Geldzucht en bezitsdrang zijn gevaarlijke valkuilen omdat zij inspelen op onze nood aan veiligheid en onze zorg voor zelfbehoud. Ze zijn de oplossing voor onze angst om tekort te hebben en ze geven u tevens welbehagen en comfort. Met geld kan u steeds ingaan op nieuwe behoeften en krijgen wij het gevoel mee te kunnen in de moderne samenleving.

Maar rijkdom wordt ook dikwijls verworven op de kap van de armen. Als de aardse bezittingen niet eerlijk verdeeld worden dreigt er een enorme kloof te groeien tussen rijk en arm. En worden de kleinen en armen al vlug uitgesloten. Zij moeten dan leven aan de marge van de samenleving; dikwijls verstoken van het levensnoodzakelijke.

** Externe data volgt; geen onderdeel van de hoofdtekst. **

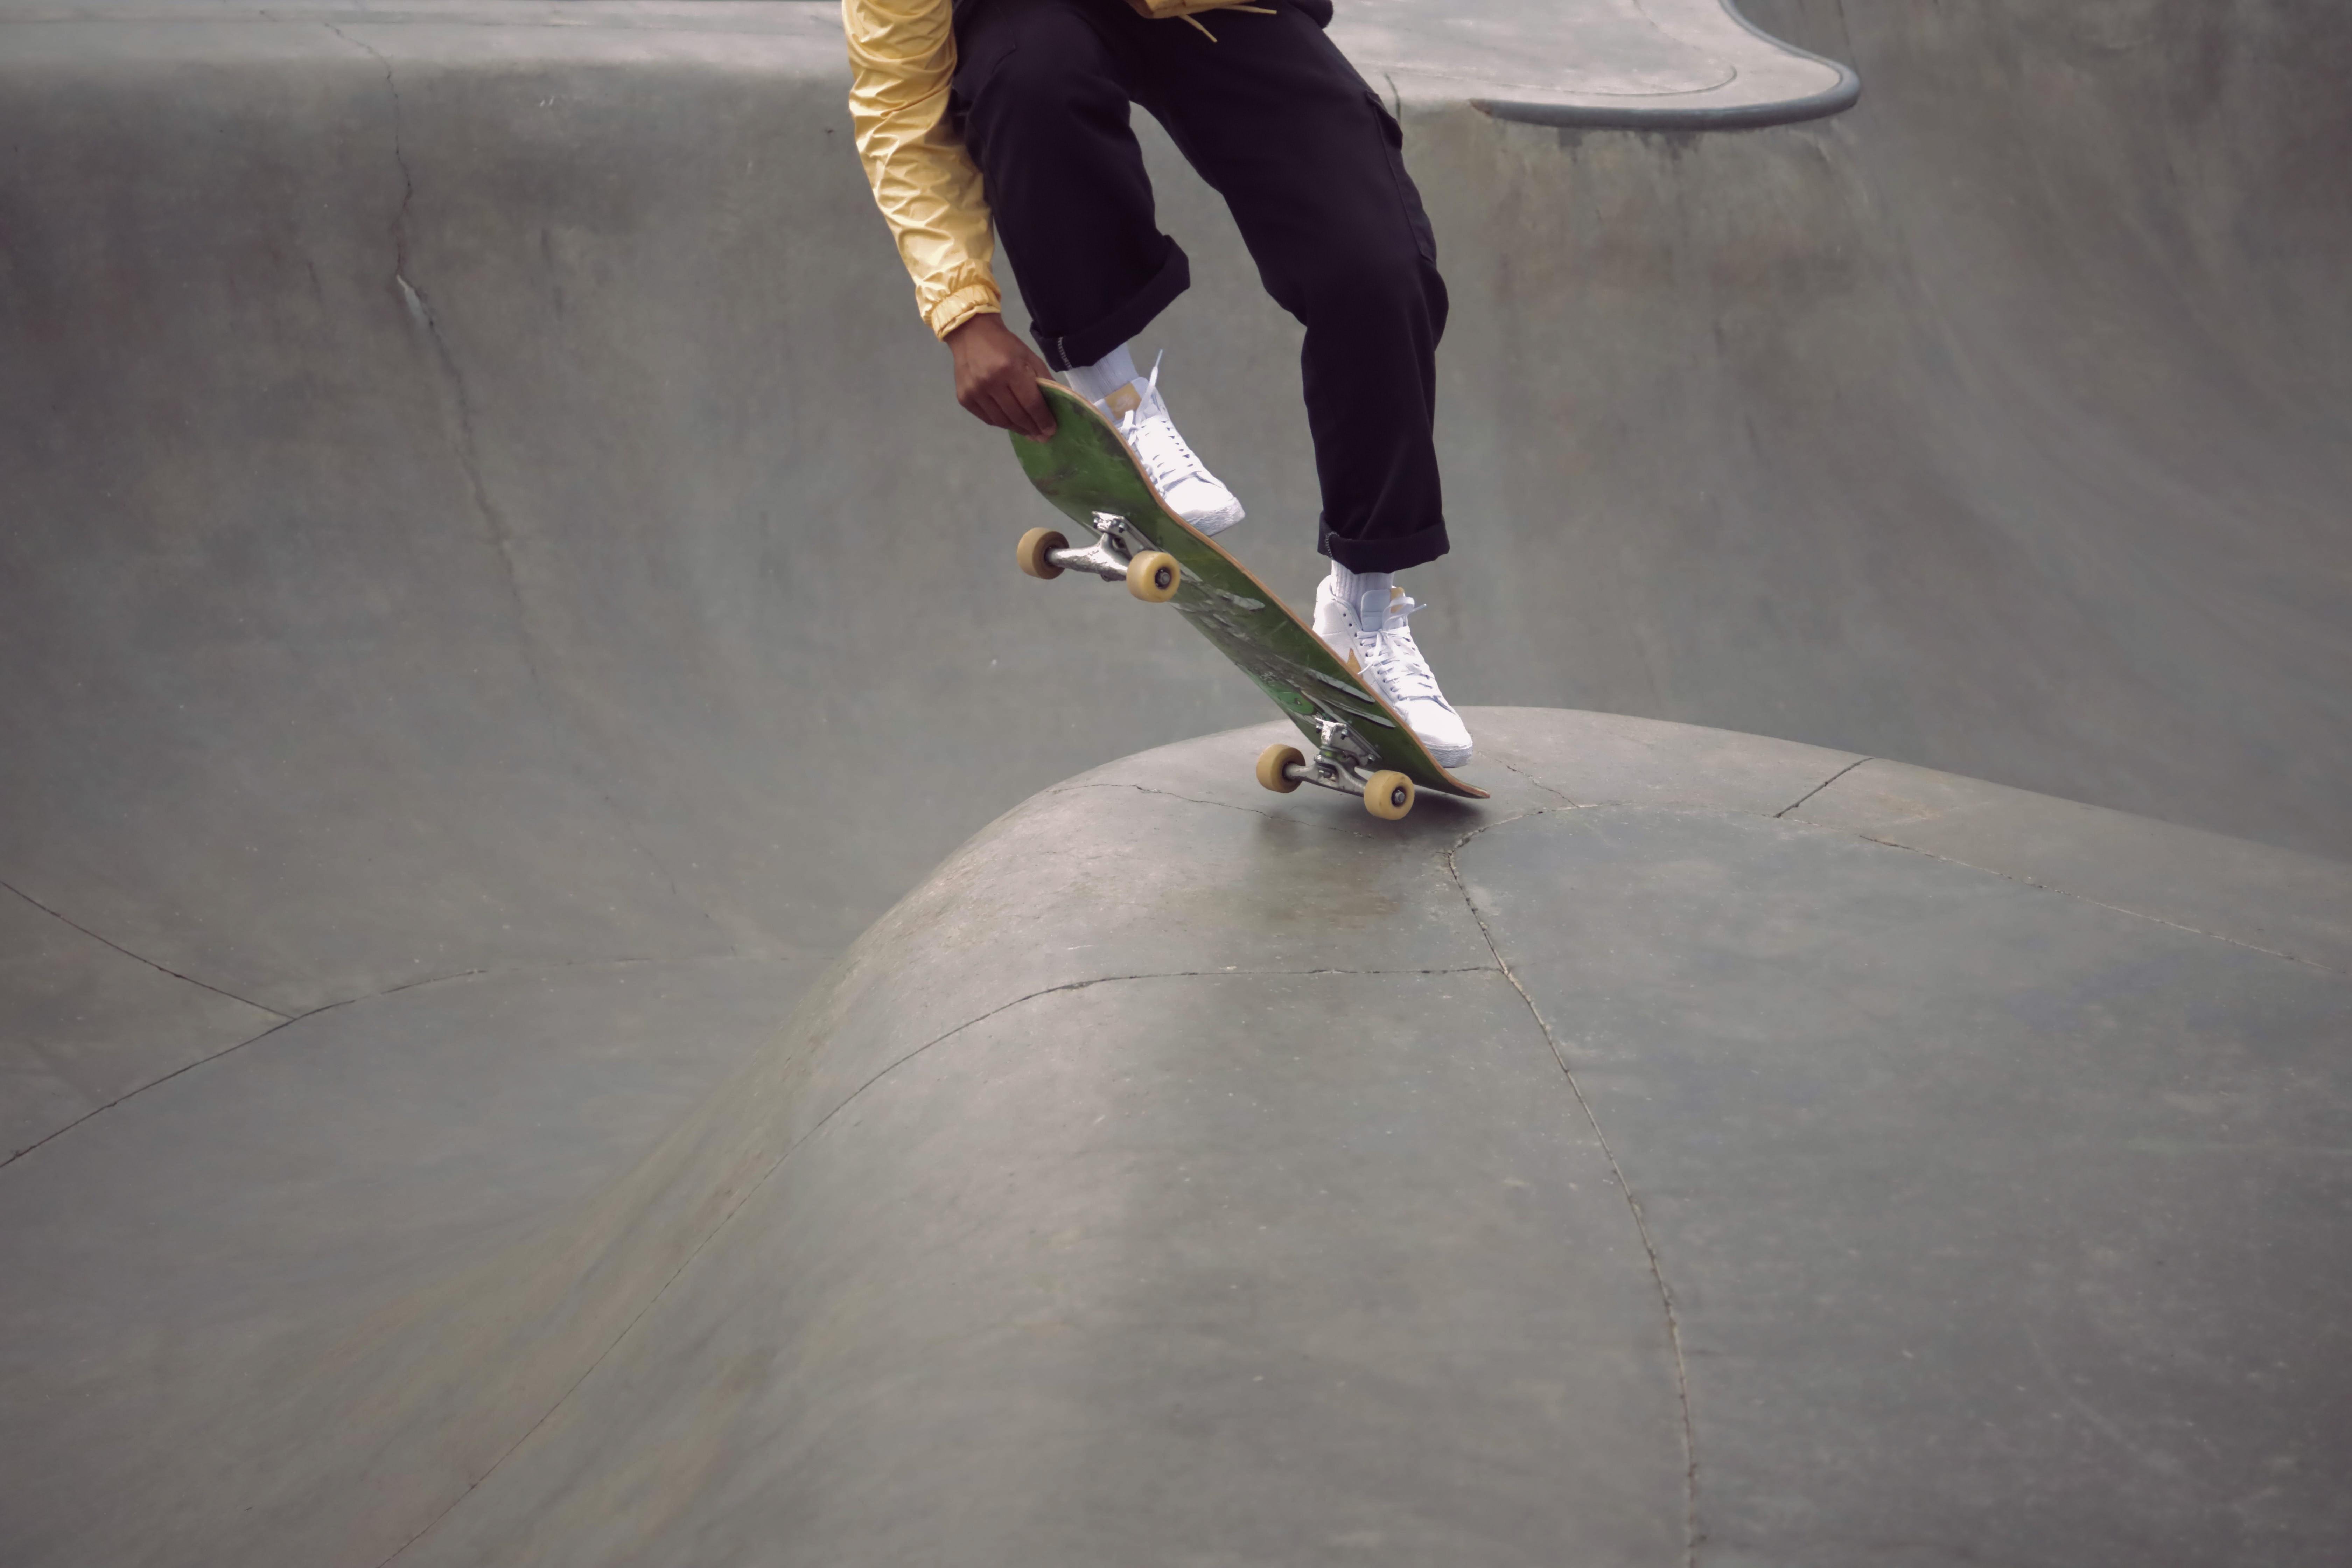 70234 скачать обои Спорт, Скейтер, Скейтборд, Скейт, Трюк, Экстрим - заставки и картинки бесплатно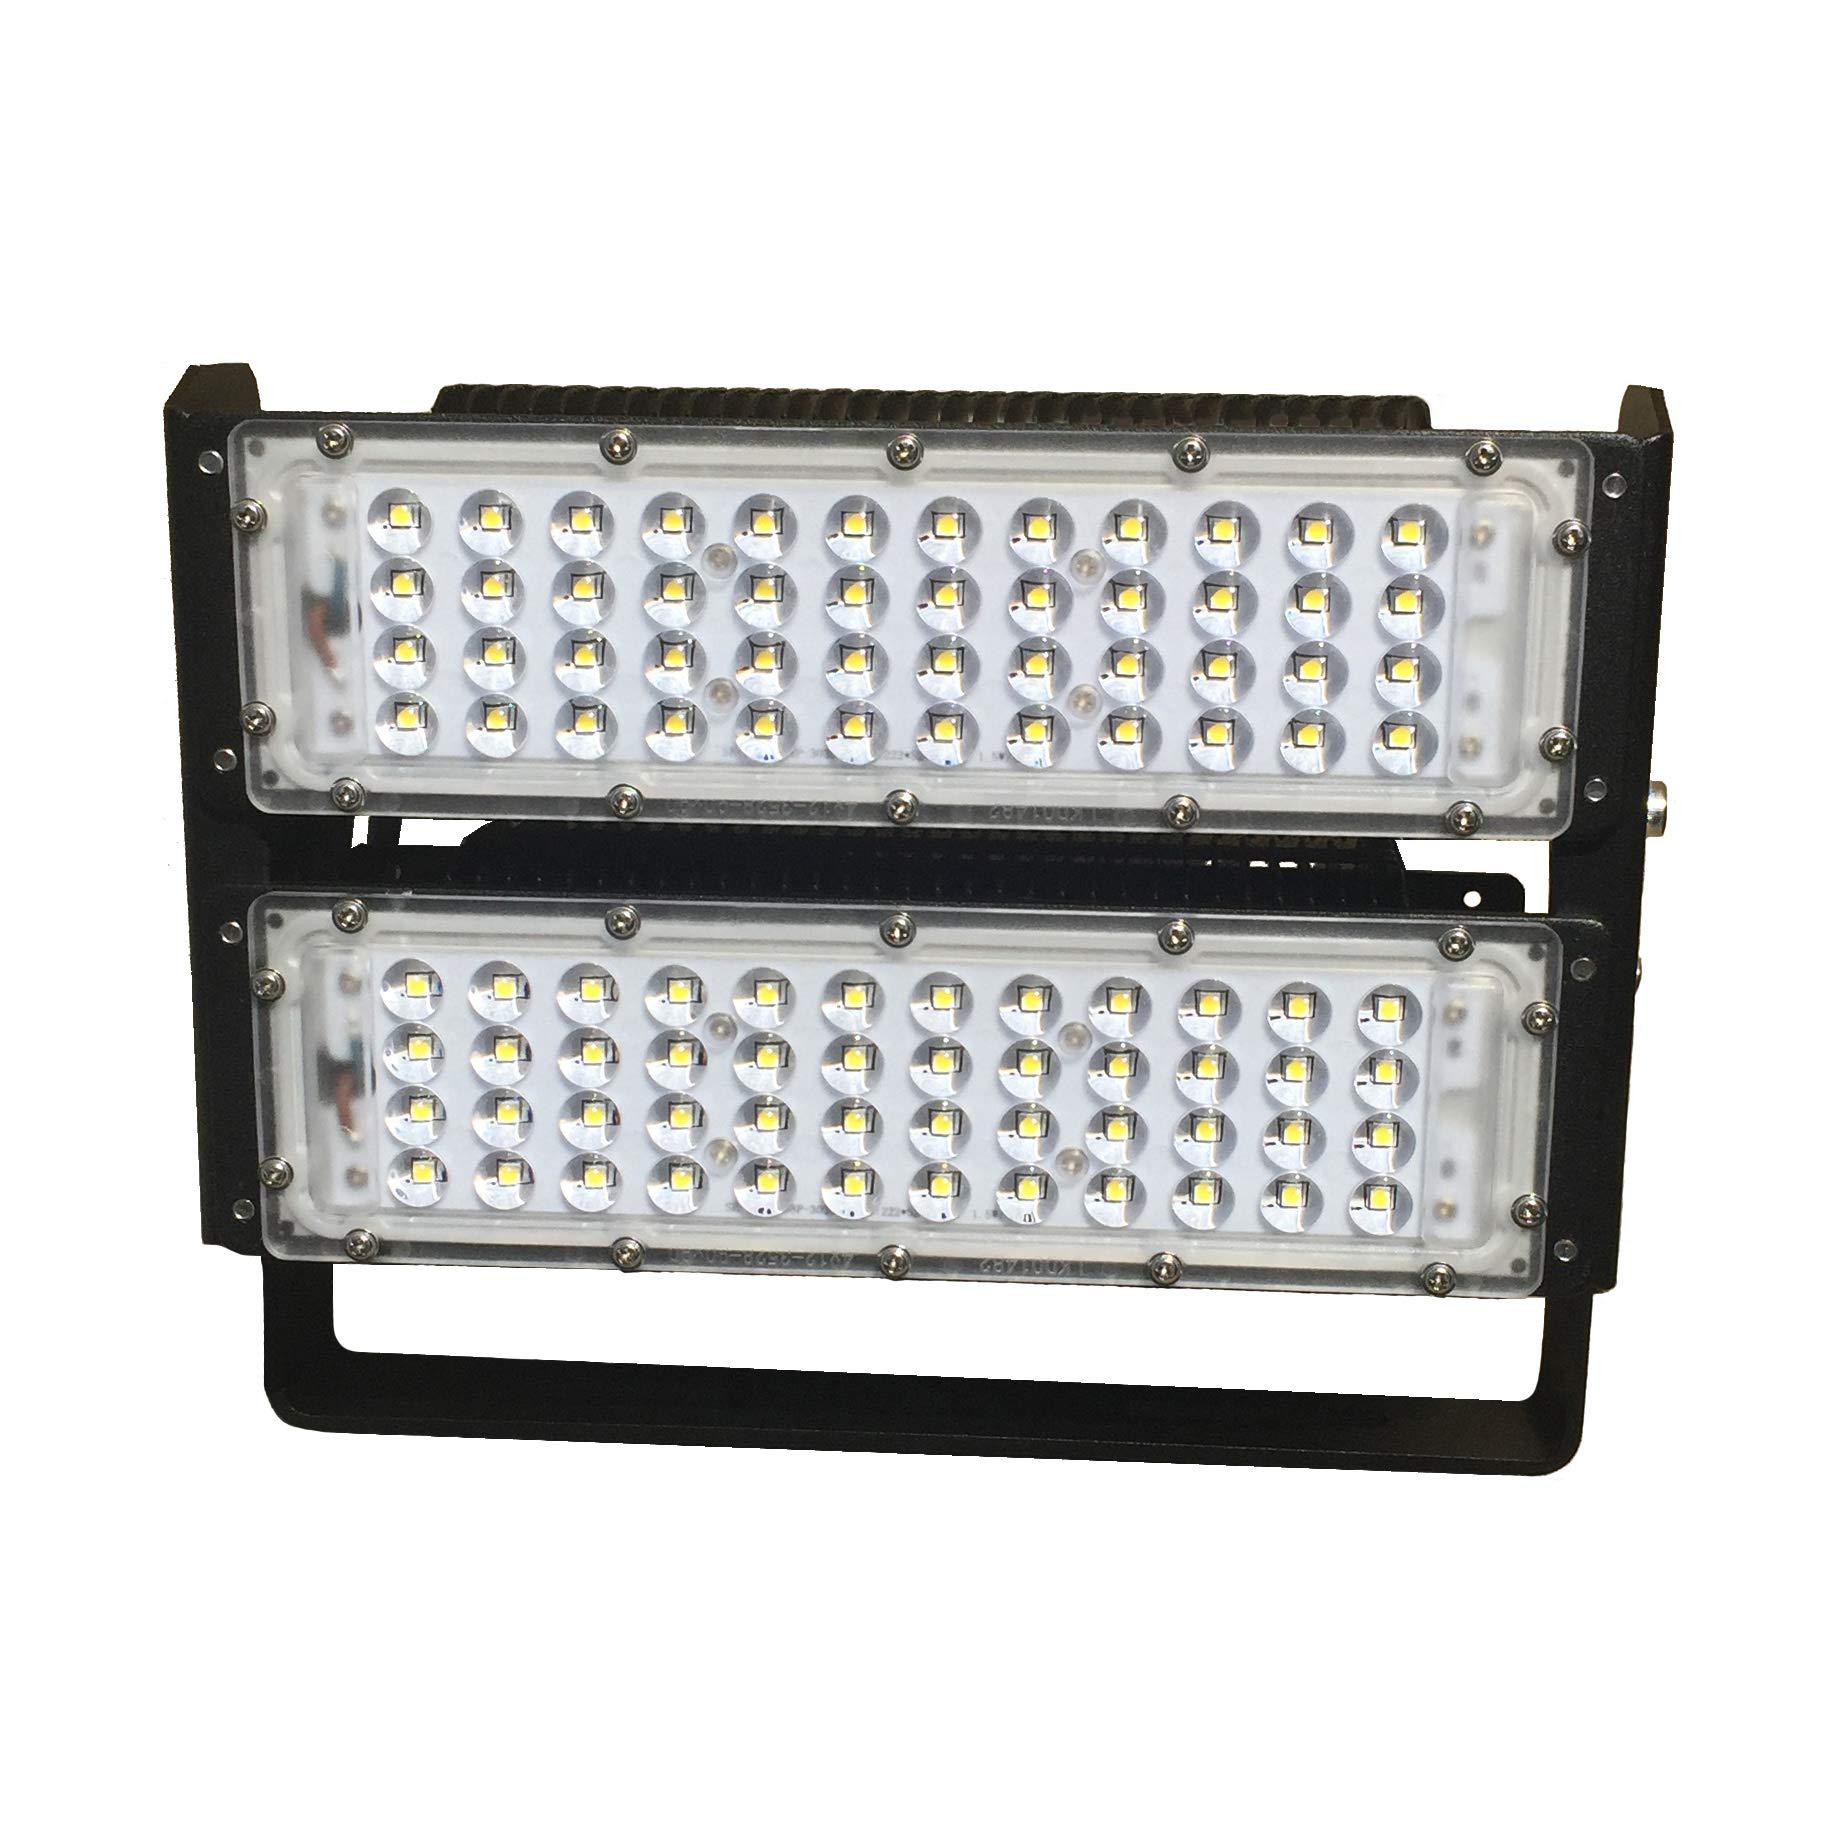 Espled Proyector LED 100W, 100 W, Negro: Amazon.es: Iluminación

Het evangelie waarschuwt ons: Gij kunt niet God dienen en de mammon! Het kapitaal werpt dan een muur op met God en de mensen. Het kan ons zodanig verblinden dat wij God niet meer zien en de kreet van de armen niet meer horen. Onze samenleving barst van alle onrecht en miserie dat het geld teweeg brengt in gezinnen en families, in de samenleving en onder volkeren. Ja zelfs Jezus werd verraden en verkocht voor dertig zilverlingen.

Niet dat het geld op zich de boosdoener is. Alles heeft te maken met de wijze waarop wij er mee omgaan. Bezittingen geven ons de mogelijkheid om mee te bouwen aan het Rijk Gods. Wie geld oppot loopt het gevaar onrechtvaardig te handelen en anderen te benadelen. Daarom is het belangrijk onze ingebakken neiging om angstvallig vast te houden wat wij bezitten, los te laten, door met een groot hart te geven. Het gaat hem hierbij niet alleen over geld, maar ook over het delen van aandacht, zorg, tijd … Het heeft zo dikwijls met elkaar te maken Wie deelt van wat hij heeft, in het bijzonder met hen die niets hebben, bouwt mee aan een nieuwe toekomst. Tijdens de vastentijd zingen wij het lied: ‘Delen doet goed, het geeft een fijn gevoel …’. Zou Gods droom niet groeien als wij dit met z’n allen zouden doen? Zou onze samenleving er niet gans anders uitzien als wij met z‘n allen delen wat God ons in zijn schepping heeft gegeven? Geld bezit een formidabele kracht om de wereld te veranderen als wij maar bereid zijn om te delen en elkaar te helpen.